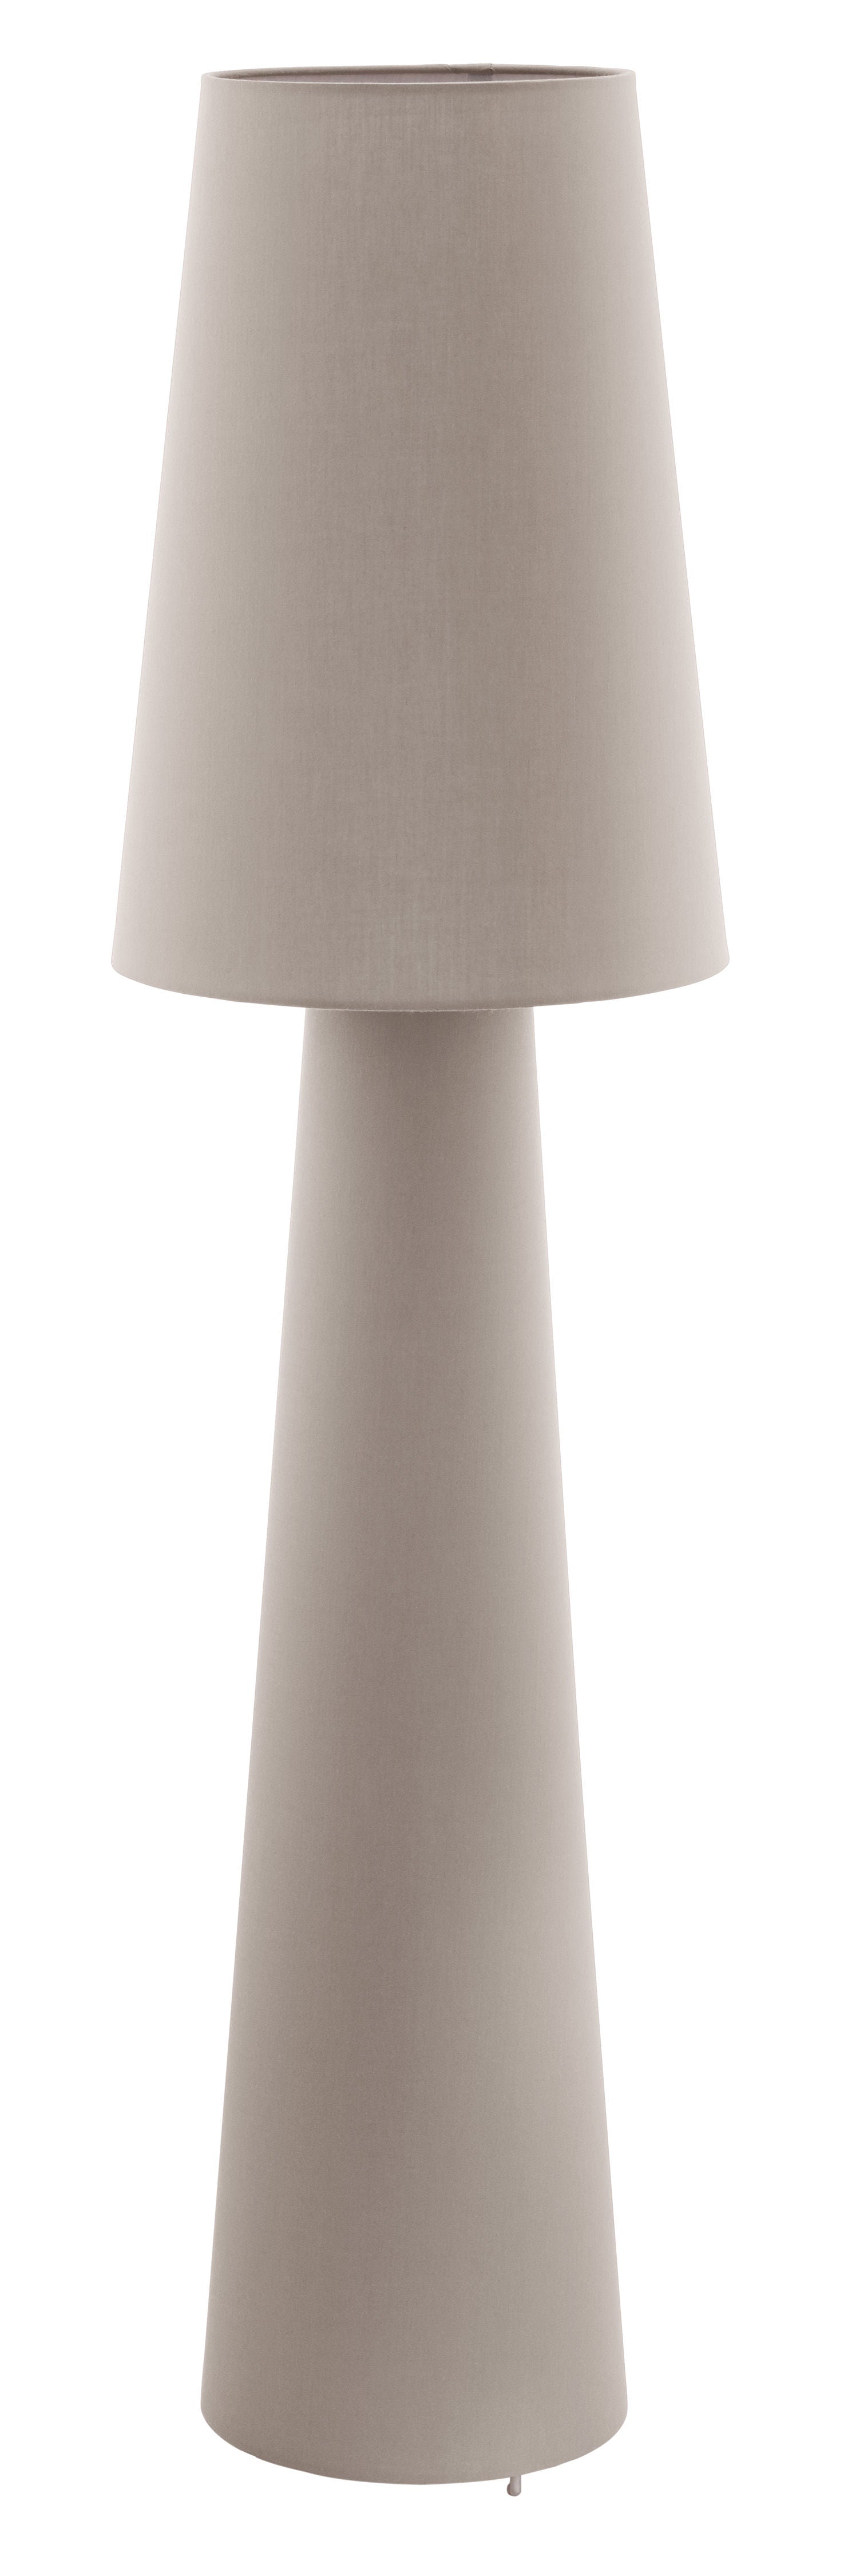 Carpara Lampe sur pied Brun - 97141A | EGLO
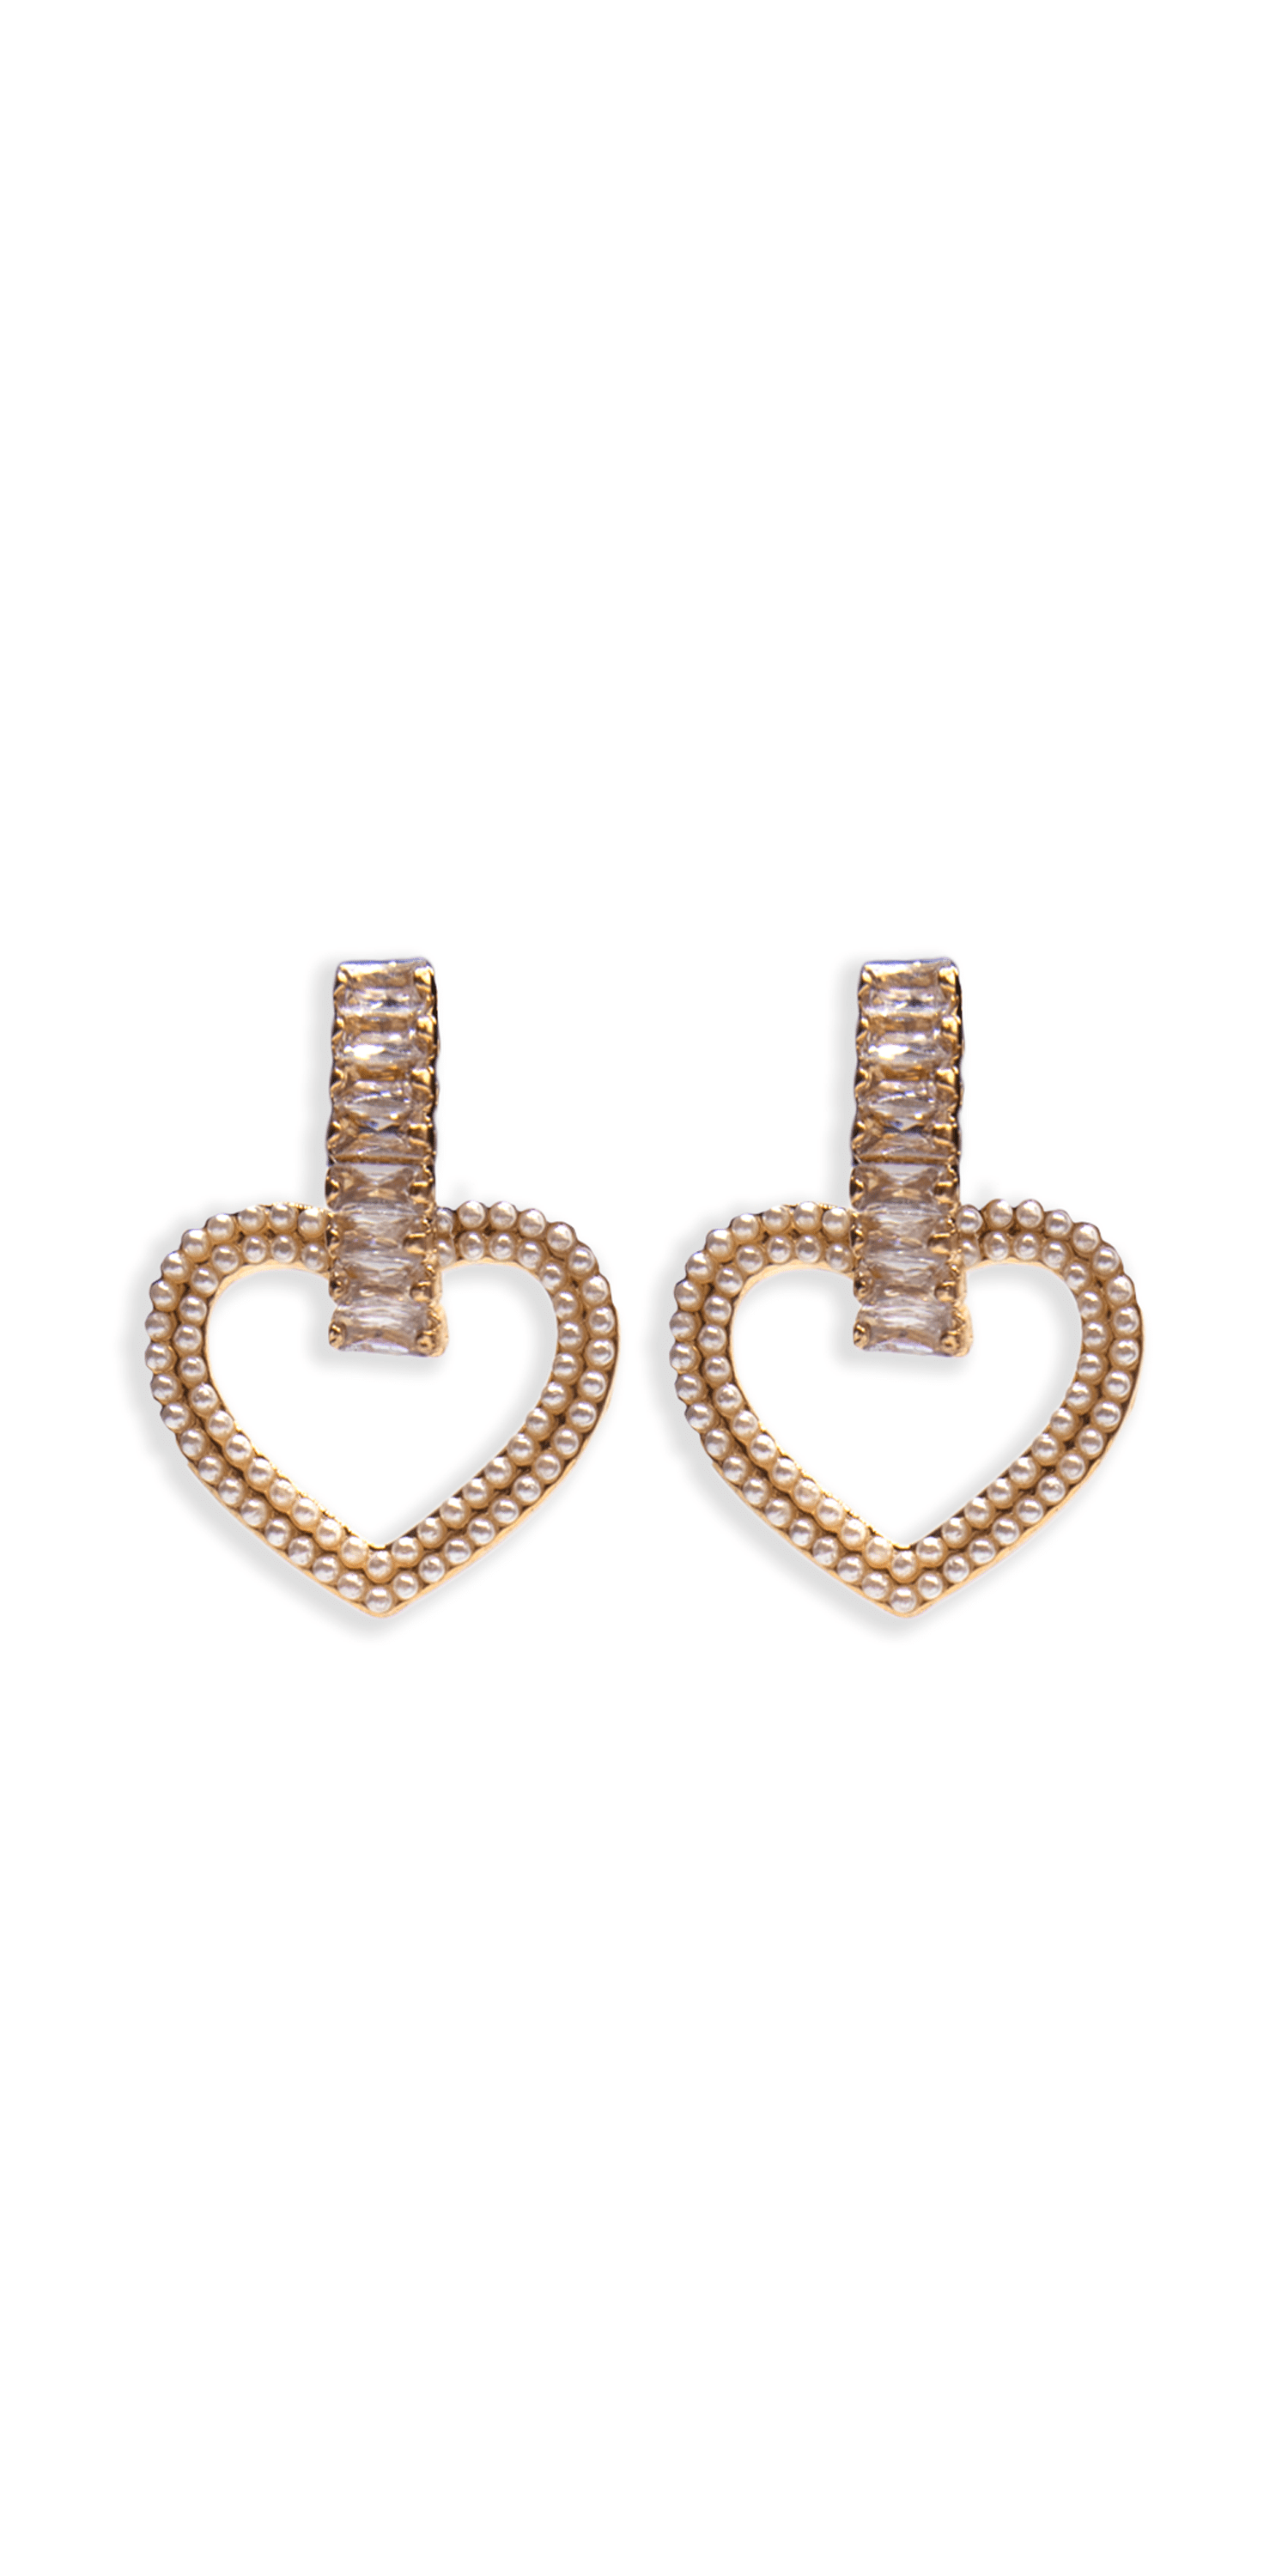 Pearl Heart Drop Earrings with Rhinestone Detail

* * * *

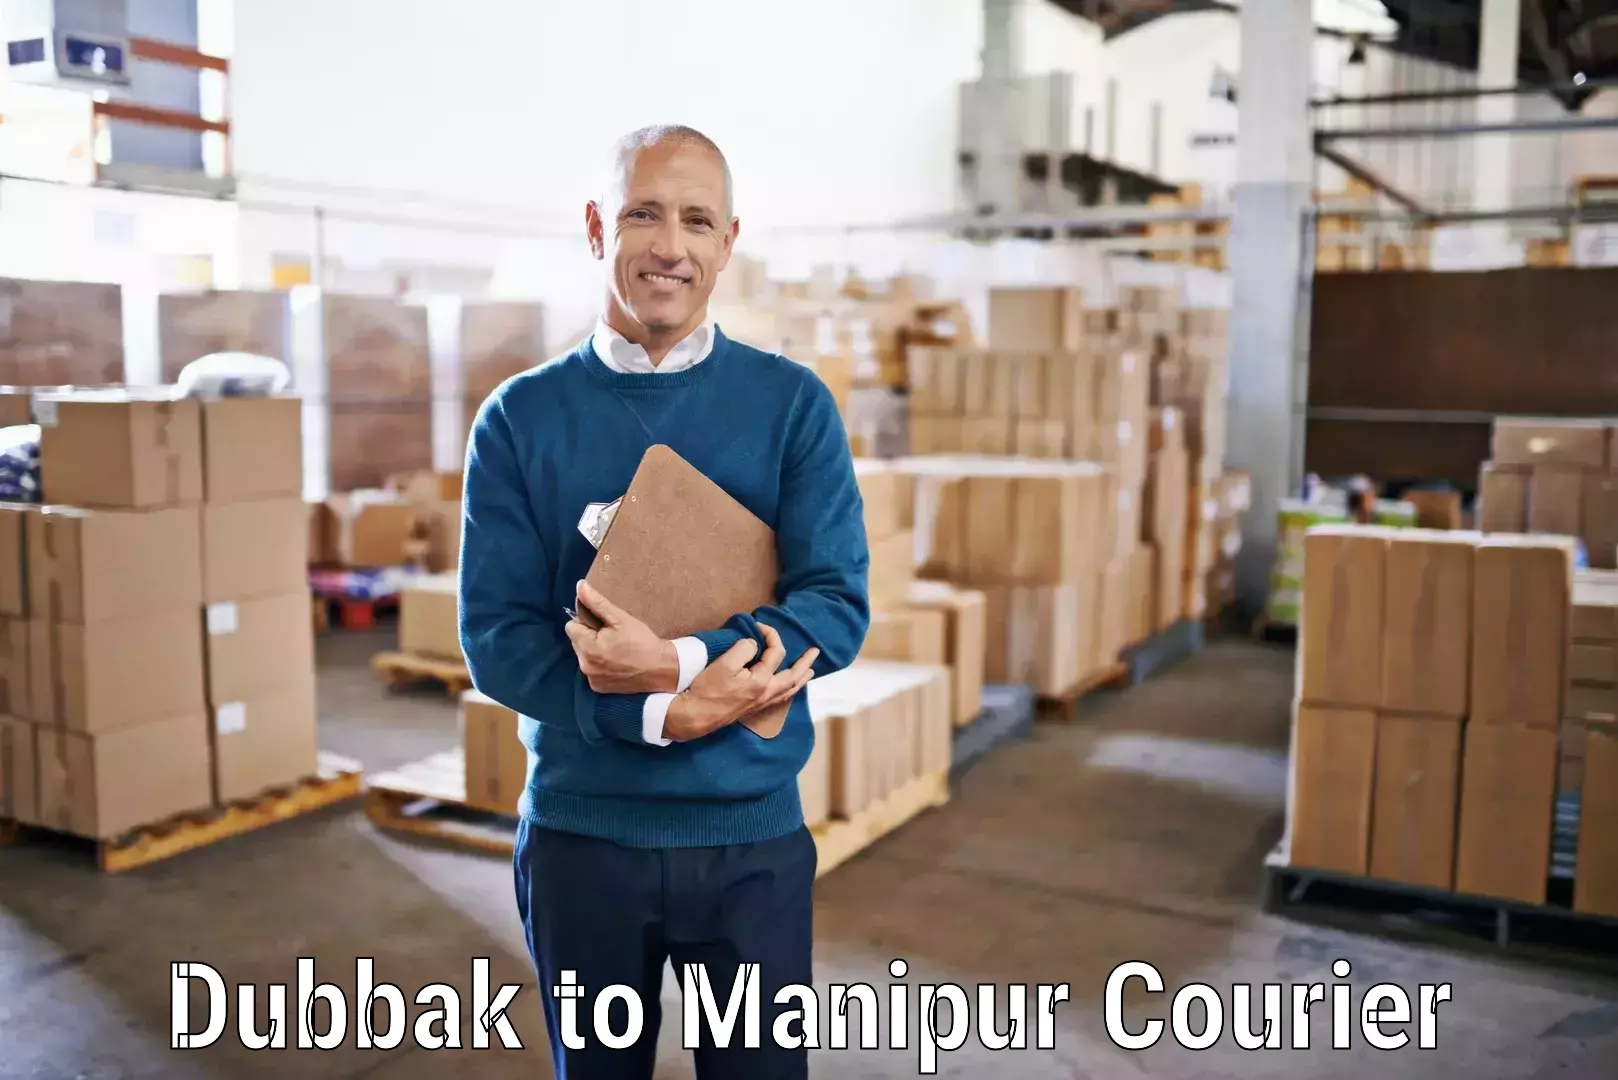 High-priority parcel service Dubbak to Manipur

* * * *

What you have to do> Both the line above containing "Carpara Lampe sur pied Brun - 97141A | EGLO" and the line containing "Pearl Heart Drop" belong in the copy, along with every line between them; print these exactly and omit the pictures.

Written solution>
 Carpara Lampe sur pied Brun - 97141A | EGLO
 Pearl Heart Drop Earrings with Rhinestone Detail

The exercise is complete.